Going to the gym I go to the Wellness Gym at Coventry Sports Centre. I work with an instructor who is trained to work with disabled clients and he really knows what he's doing. I go three times every week; during sessions my instructor helps me use ankle weights in different ways and gym balls which I push against with my legs (in different positions depending on which muscle group we want to work on) - and my upper body by using the machines and dumbells, although my instructor has to 'guide' my movements as otherwise I would clonk myself on the head! All sessions I do from my wheelchair. Using my bike I bought my a MOTOmed Viva 2 Lower Body from a company called Medimotion (http:/www.medimotion.co.uk/). I first used one at my local physio department and was so impressed I decided to buy one myself. It is passive so it does the movement itself but you can actively pedal yourself at any time too. I still have some power in my legs because of going to the gym but I haven't done anything near as active with my legs as this for years. Even in passive mode I can feel it working my muscles in my calves and thighs and afterwards I get a sort of pins-and-needles feeling because it's getting the blood flowing.
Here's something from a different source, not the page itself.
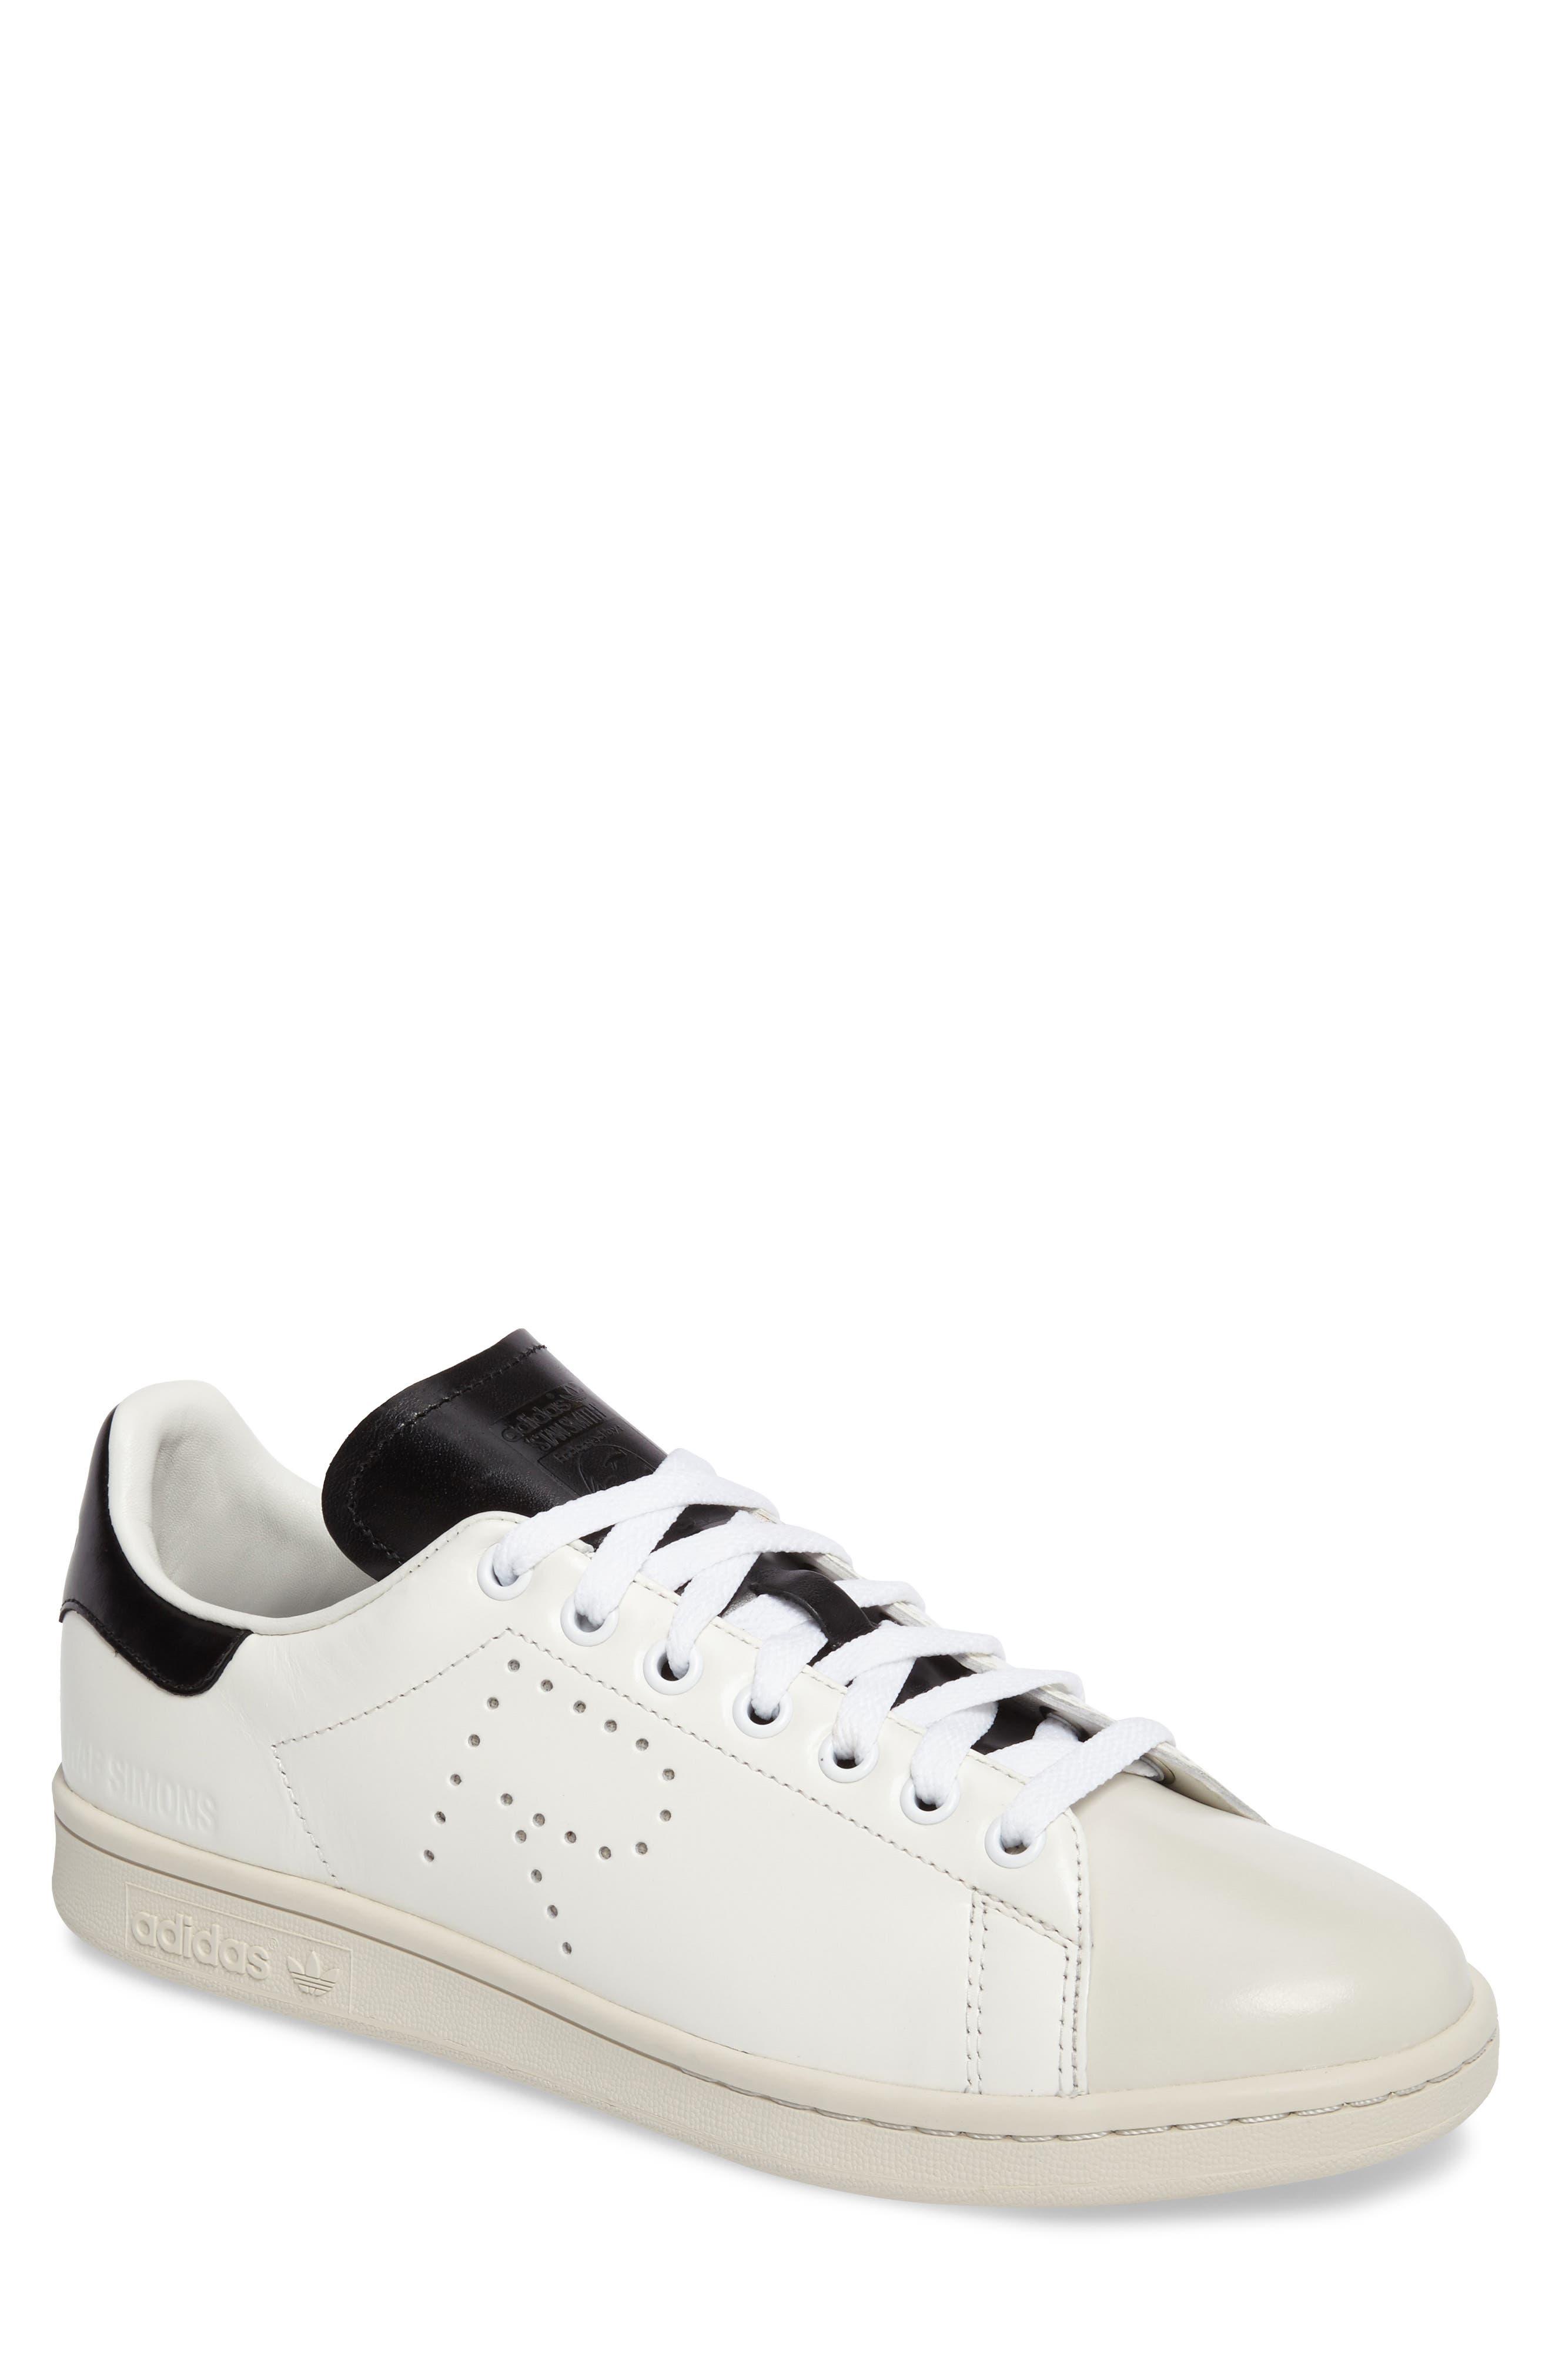 Main Image - adidas by Raf Simons \u0027Stan Smith\u0027 Sneaker ...

The only prescribed medication I take is called Baclofen and I take this for muscle spasm. I also have botox injections to control the muscle spasm in my feet. As you can see by looking at the before and after shots below, the difference is amazing. I Before botox my feet were in constant spasm which was very uncomfortable and I used to suffer really badly with broken skin/pressure sores from where my feet used to rub on my shoes. In October 2010 I had my first set of botox injections into muscles in my calves to relax the muscles that were overpowing the weaker ones, thus causing spasm. The actual injections have to be done every 3-6 months and splints need to be worn for a few hours every day to stretch your feet and maintain a natural position. Being able to stand in my powerchair, which I do daily, is also a really great way to stretch and therefore mantain the benefits of botox.

There's an important point I've tried to get across here: there is something you can do for almost every symptom. The person with FA influences how it progresses - it's not simply something that'll get worse whatever. But the person has to be proactive - I really believe that you reap what you sow.

So what will happen as FA progresses?

This is a really difficult question to answer. Everyone with FA is different - different age of onsets, different rates of progression and very different symtoms. If you or someone you know has FA, their symptoms may be very different to mine. A person's attitude and temprement also inflences how it progresses. So all I can be is vague...

I've met hundreds of people who have FA over the years. Lots in their 40s, some in their 50s and a couple in their 60s. I've known quite a few people in their 20s die from cardiomyopathy. Some people I've met have lost their sight/hearing/speech to FA, lots haven't. Some people are dependent on walkers, wheelchairs or powerchairs and they become dependent on these things at different ages. Eveyone who has FA will eventually lose their ability to walk. Some have have enough coordination in their hands to use iPads and iPhones whereas some haven't. I've met some who drive while others like me are unable to. Some marry and have kids whilst some don't. Some live alone and others travel the world whilst others are unable to. FA is just one big game of who knows?